Electroless plating techniques have been available for transition metal plating within electroless plating baths, which are well known to be baths wherein the plating is conducted without the application of an external electrical current. Conventional bath additives include agents for complexing the metal ions that are maintained within a particular bath. Some known complexing agents include ethylenediamine tetraacetic acid and its salts, potassium pyrophosphate, polyamines, Rochelle salt, citric acid, and alkali salts of citric acid. Such complexing agents are known in general to form highly soluble and conductive complexes with metal ions present within electroless plating baths, but typically they do not allow for an exceptionally wide range of operating pH values, including both acidic and alkaline operating conditions. Usually, when it is desirable or necessary to operate an electroless plating bath at an especially high pH, often approaching or at 14, even if a conventional complexing agent is included in the bath, it is typically necessary to add ammonium ions thereto, which introduces hazards including the formation of noxious ammonia fumes as the bath is operated and the ammonium ions themselves when the bath waters are disposed of as wastewater.
It has now been discovered that electroless deposition of transition metals can be readily and easily achieved within a wide range of operating pH values, including both acidic and highly alkaline values, when such baths include therewithin an organophosphorus compound falling within a certain class. These organophosphorus compounds can be characterized generally as phosphonates that exhibit complexing properties with respect to transition metal ions within transition metal electroless plating baths. By the employment of these organophosphorus compounds within transition metal electroless plating baths, the baths may be adjusted to operate at a pH value suitable for the particular substrate being plated so as to provide transition metal plating baths having greater flexibility than heretofore typically realized.
Additional desirable results include the ability to run a highly alkaline bath without having to add ammonium ions as well as the ability to operate an electroless transition metal bath, particularly an electroless copper deposition bath, at an acidic operating pH in order to take advantage of features usually associated with acidic baths when compared with alkaline baths, such as the ease with which the bath is buffered, increased hardness of the deposits, and enhanced control of the stability of the baths. Baths not including complexing agents in accordance with this invention, particularly electroless nickel plating baths, often are not stable to the addition of potassium or sodium as potassium hydroxide or sodium hydroxide, usually eliminating these compounds from the group of bases suitable for raising the pH of such baths to extremely high operating levels, thereby typically reducing the group of suitable bases to only ammonium hydroxide. Electroless transition metal plating baths having complexing agents in accordance with this invention are stable to the addition of either sodium or potassium as the hydroxide thereof.

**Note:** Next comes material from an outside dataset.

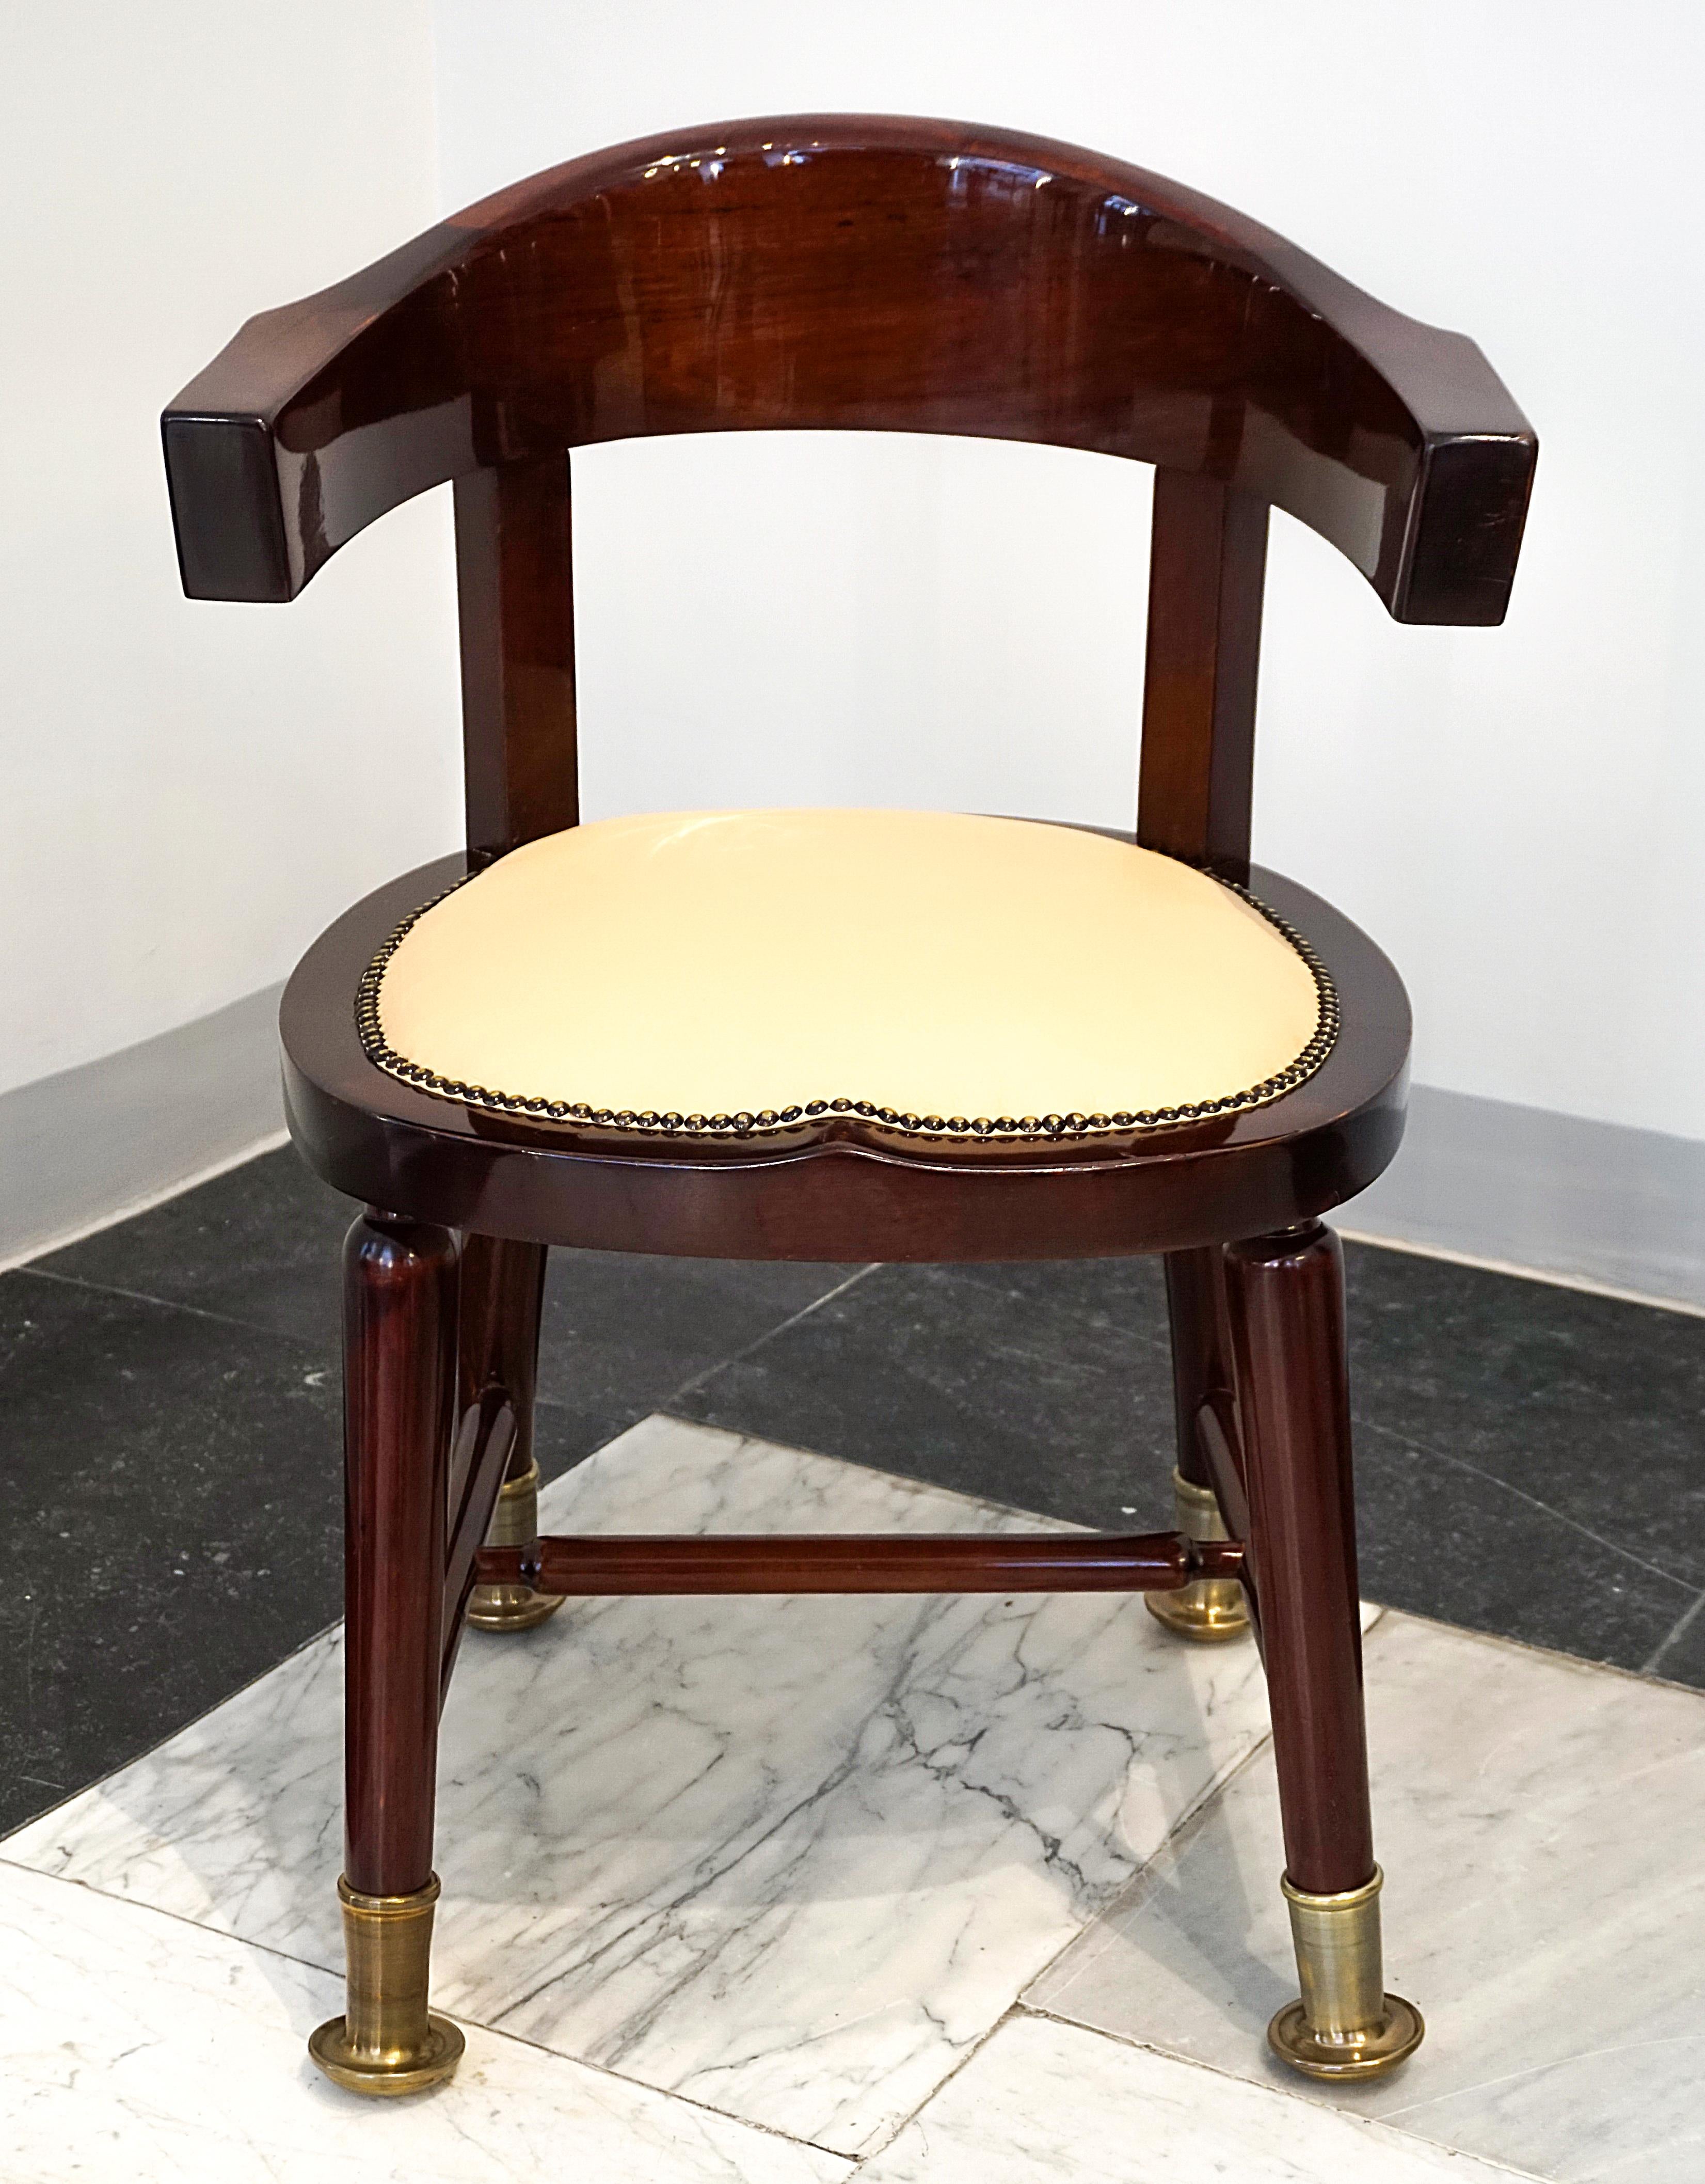 Adolf Loos (1870 - 1933) designed the chair model shown here in 1899 based on an English model as part of his earliest work as an interior designer for the dining room in Eugen Stössler's apartment in Vienna. The omission of the front supports of

These results are basically achieved in accordance with the present invention through the utilization of certain organophosphorus compounds within electroless transition metal plating baths which can be formulated with transition metals that plate autocatalytically, such as nickel, cobalt, iron, platinum, paladium, gold and silver, or with those transition metals that do not plate autocatalytically, such as copper, which generally plate only by substitution or displacement and require a substrate different from that of the metal being deposited.
Accordingly, an object of this invention is to provide an improved electroless plating bath and method which enable the electroless plating of transitional metal over a wide pH range.
Another object of this invention is to incorporate an organophosphorus complexing agent into transition metal electroless plating baths, which baths can be formulated to operate at a low pH, a high pH, or a pH therebetween and which baths can operate effectively at high pH through the use of bases other than those that generate noxious ammonia fumes or introduce ammonium ions into wastewaters.
Another object of the present invention is to provide and use an electroless bath for plating transition metals such as copper, nickel and cobalt, which baths include an organophosphorus compound of a certain class.
Another object of this invention is to use phosphonates belonging to a certain class of compounds as a complexing agent for an electroless transition metal plating or deposition bath.
These and other objects of this invention will be apparent from the following further detailed description thereof.
The transition metal electroless plating baths of this invention are basically achieved by incorporating thereinto an organophosphorus compound that is a phosphonic acid or derivative thereof, referred to herein as a phosphonate. Organophosphorus compounds of the phosphonate type have been found to exhibit superior transition metal complexing properties for transition metals, whether or not such transition metals exhibit autocatalytic properties within electroless baths.
Phosphonates in accordance with the present invention are selected from the class of compounds having the general formulas: ##STR5## wherein R1 is alkyl having from 1 to 5 carbon atoms, alkali metal and ammonium salts of said compounds, and ##STR6## wherein R2 is ##STR7## R3 is selected from the class consisting of R2 and --CH2 CH2 OH, and R4 is selected from the group consisting of R2, --CH2 CH2 OH, and ##STR8## wherein each M is independently selected from the group consisting of H, NH4 and alkali metal, and "n" is an integer from 1 to 6 inclusive. A detailed description of these and other suitable phosphonates is set forth in U.S. Pat. No. 3,214,454 and U.S. Pat. No. 3,336,221, the disclosures of which are incorporated herein by reference.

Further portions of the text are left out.